Примечательна в этом плане метаморфоза русского постмодернизма, начинавшего с литературных культурных игр, но затем быстро оседлавшего наиболее выгодные и проплаченные стратегии в масс-медиа. И вот уже без всяких шуток главной культурной проблемой объявляется зарабатыванье денег и то количество у. е., которое необходимо для приличной жизни писателя и художника.

Но, как ни странно, нынешний апофеоз бессердечной культуры является признаком ее неизбежного заката. Согласно И. А. Ильину, бессердечная культура есть обреченный путь. Но он же считает, что это культура умная и расчетливая. Можно почти не сомневаться, что на пороге своего крушения она постарается освоить сердечную стратегию. В противном случае, задохнется в собственном цинизме, как произошло с коммунистической властью. Некоторые признаки поворота к сердечности уже есть.

Идеология «перестройки» начиналась с формулы «все нравственное эффективно, все неэффективное безнравственно». Сегодня этой фразой только людей пугать. Чубайс в новогоднем интервью вынужден изображать из себя доброго Деда Мороза, заботящегося о том, чтобы в доме каждого россиянина в новогоднюю ночь не погас свет. Ельцин пришел в политику с внешностью крутого мужика и V-образно сложенными пальцами. А уходил в отставку со слезами на глазах, напоминая какого-то персонажа русской классики: не то старика Карамазова, не то степного короля Лира. Сердечность вдруг оказалась куда более ходовой монетой, чем злая воля и эффективность…
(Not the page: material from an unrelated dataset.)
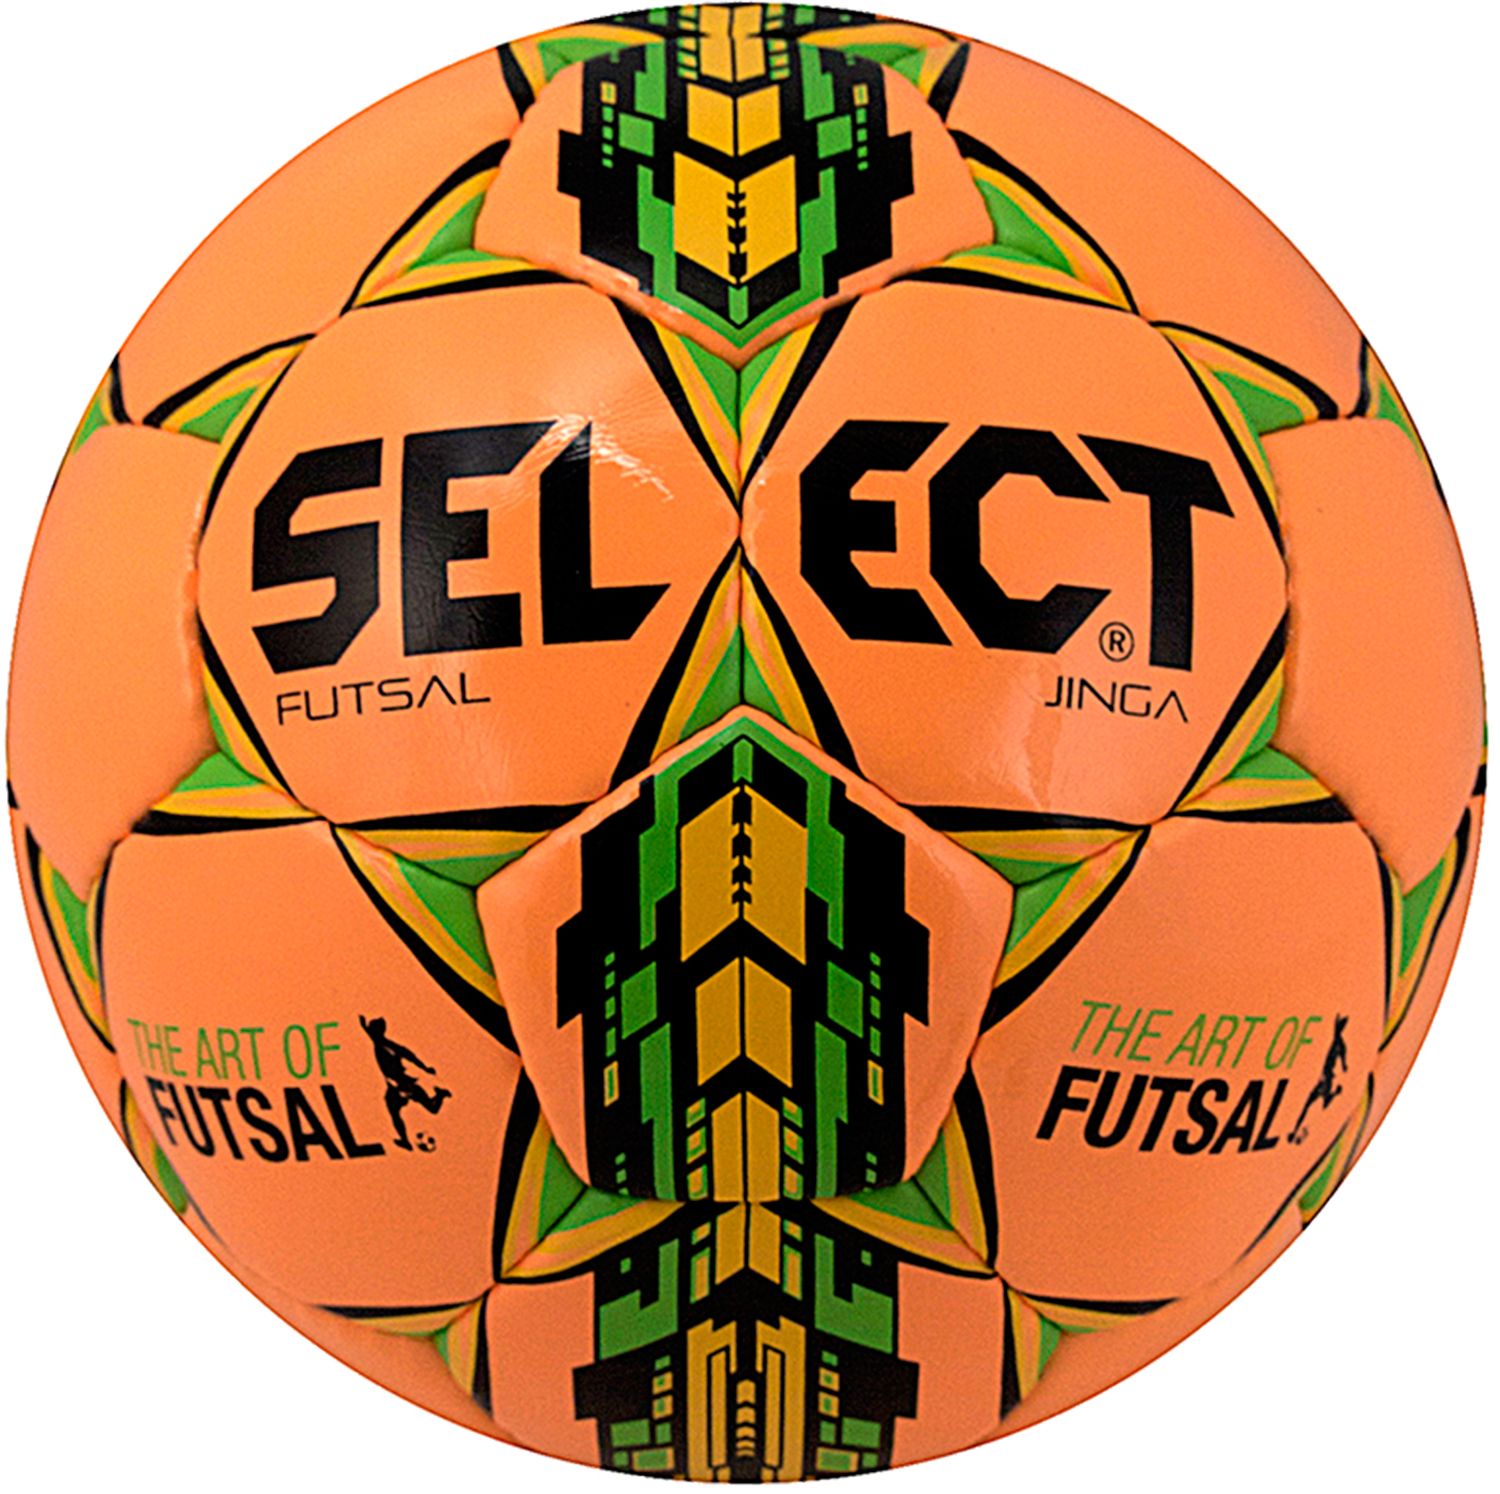 Soccer Balls | Best Price Guarantee at DICK'S
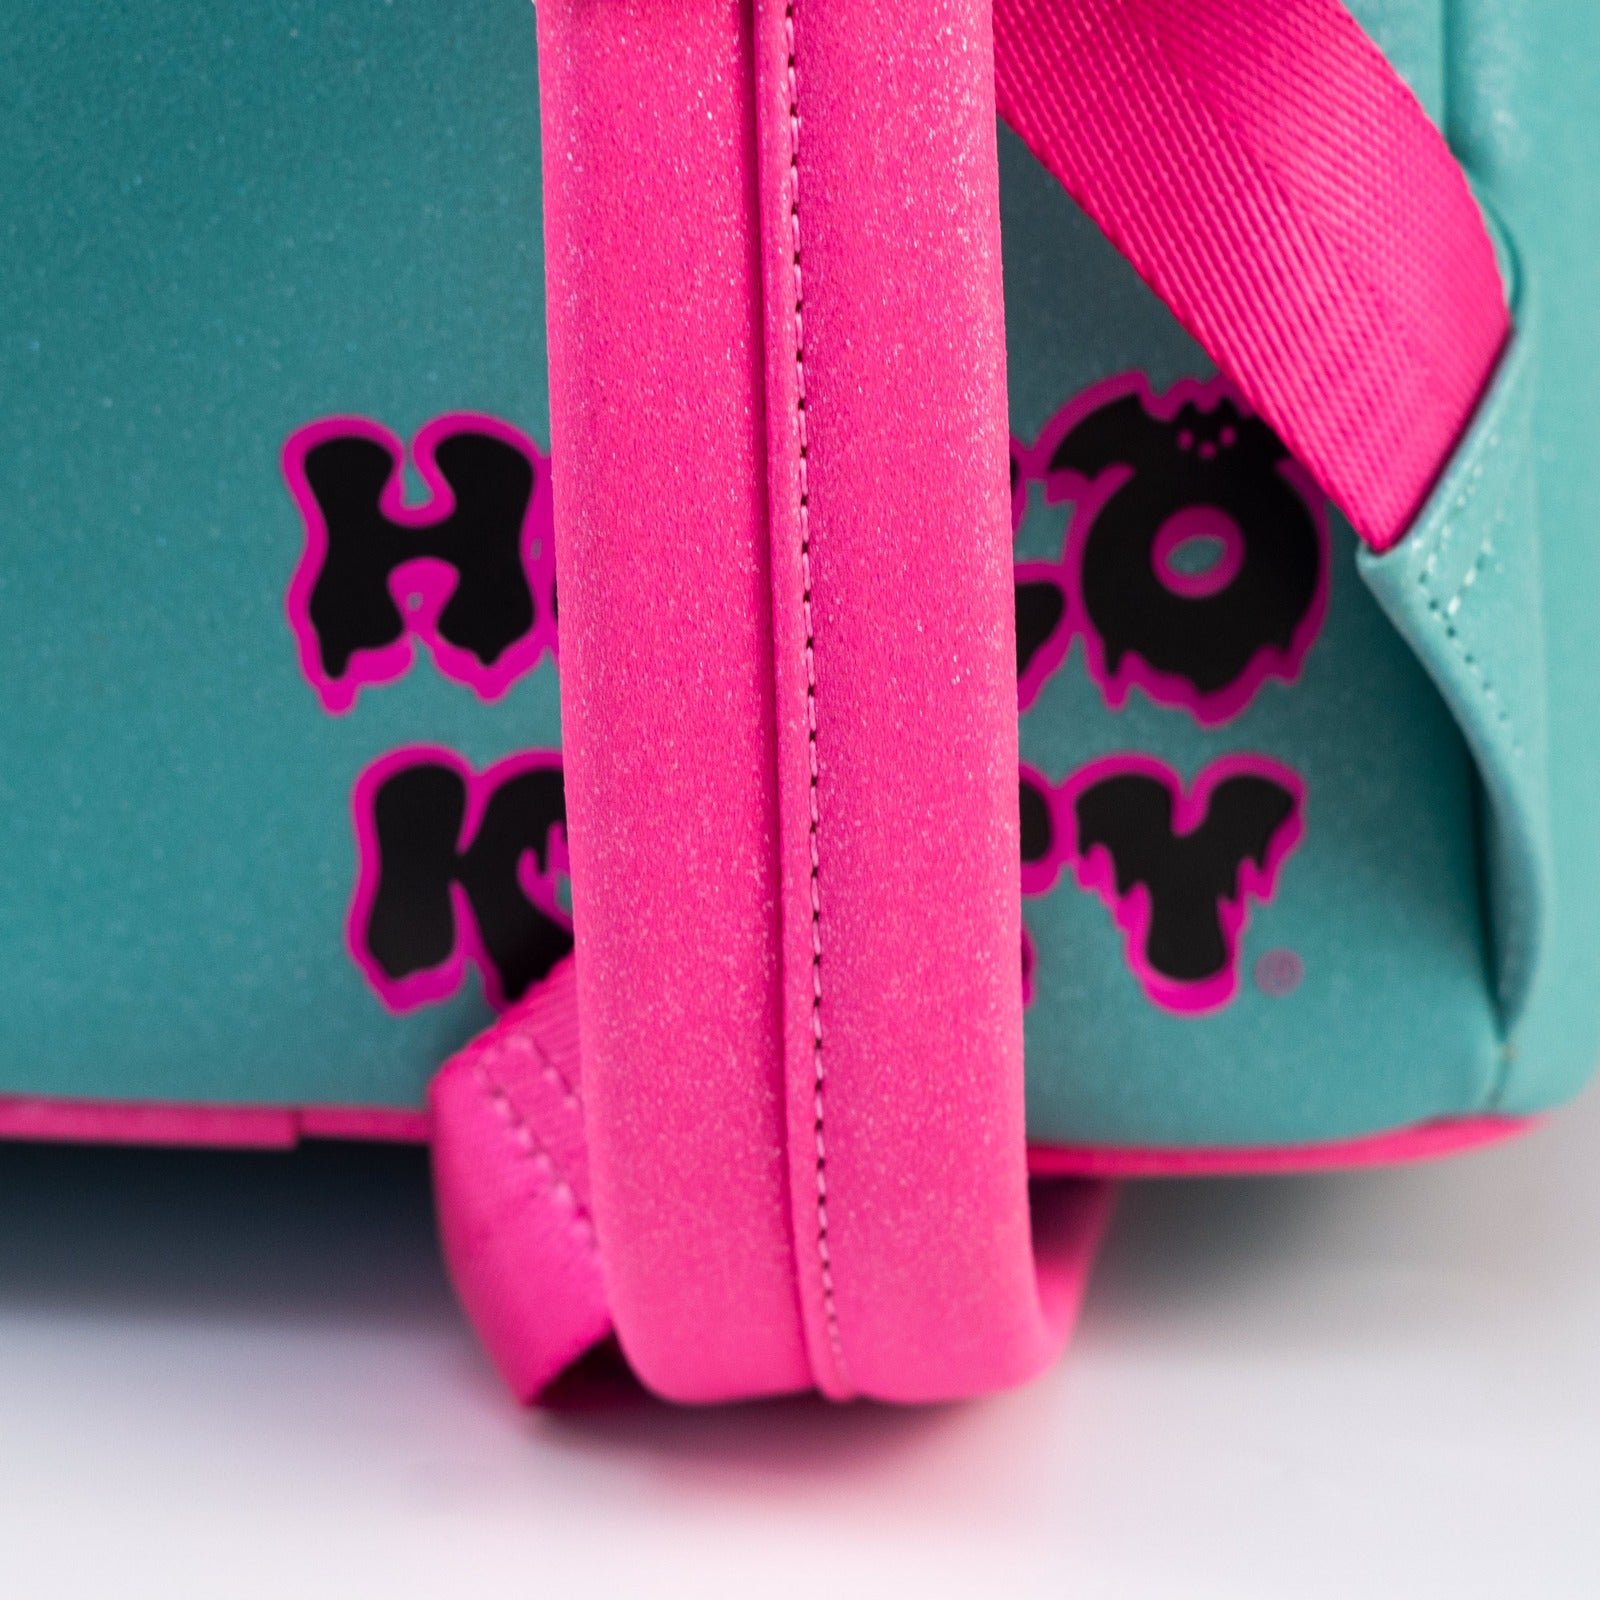 Loungefly x Sanrio Hello Kitty Zombie Pumpkin Cosplay Mini Backpack

Все это доказывает, что политики острее чувствуют конъюнктуру времени, чем художники. Я подозреваю, что в начале нового века нам грозит невиданный культ чувствительности, какого не знали XVIII и ХIХ столетия. Океаны беспричинных слез и водопады сердечных признаний. И вот тут-то важно не забыть, что сердечная культура и культ чувствительности не одно и то же.

Великий Инквизитор не был чужд искренности и сочувствия. Но, как замечает Достоевский в записных книжках, «в сердце его, в совести его могла ужиться идея о необходимости сжигать людей».

Параметры сердечной культуры определить гораздо сложнее, чем бессердечной. Еще сложнее как-то ее сформулировать, ибо сам предмет по определению сопротивляется рациональному подходу. Но тут мы имеем прекрасный ориентир — русскую литературу.

Глупое сердце

Как сердцу высказать себя?

Другому как понять тебя?

Поймет ли он, чем ты живешь?

Мысль изреченная есть ложь.

Последняя строка этой строфы из стихотворения Тютчева «Silentium!» вспоминается наиболее часто и стала почти поговоркой. Между тем, вырванная из контекста она мгновенно теряет изначальный смысл, приобретая следующий: мысль настолько сложна и глубока, что не может быть высказана, не превратившись в ложь. То есть проблема заключается в высказывании мысли. Между тем, по Тютчеву, проблема состоит в невозможности высказаться сердцем, что приводит к неизбежной лживости всякой высказанной мысли, высказать которую как раз не составляет проблемы. Смысл оказывается полностью противоположным или, по крайней мере, совсем не тот, что у Тютчева. «Как сердцу высказать себя?» — это и есть главный вопрос и главная проблема сердечной культуры.

Пожалуй, наиболее глубоко это понимал Достоевский. Его идейный полифонизм, исследованный М. М. Бахтиным, не только не противоречит сердечной культуре, но и, напротив, доказывает актуальность поставленной Тютчевым проблемы. Грубо говоря, идей множество. Их почти столько же, сколько на земле людей. Здесь нет и не может быть истинности — прав постмодернизм! Сердце при этом молчит. Но оно высказывается однажды и строго напоминает об истине. Таким образом проблема заключается не в том, что и как высказывает сердце, а в том, что оно основное время молчит. И чем больше оно молчит, тем разнузданнее становится мысль, тем злее, наглее и энергичнее заявляет о себе бессердечный полифонизм.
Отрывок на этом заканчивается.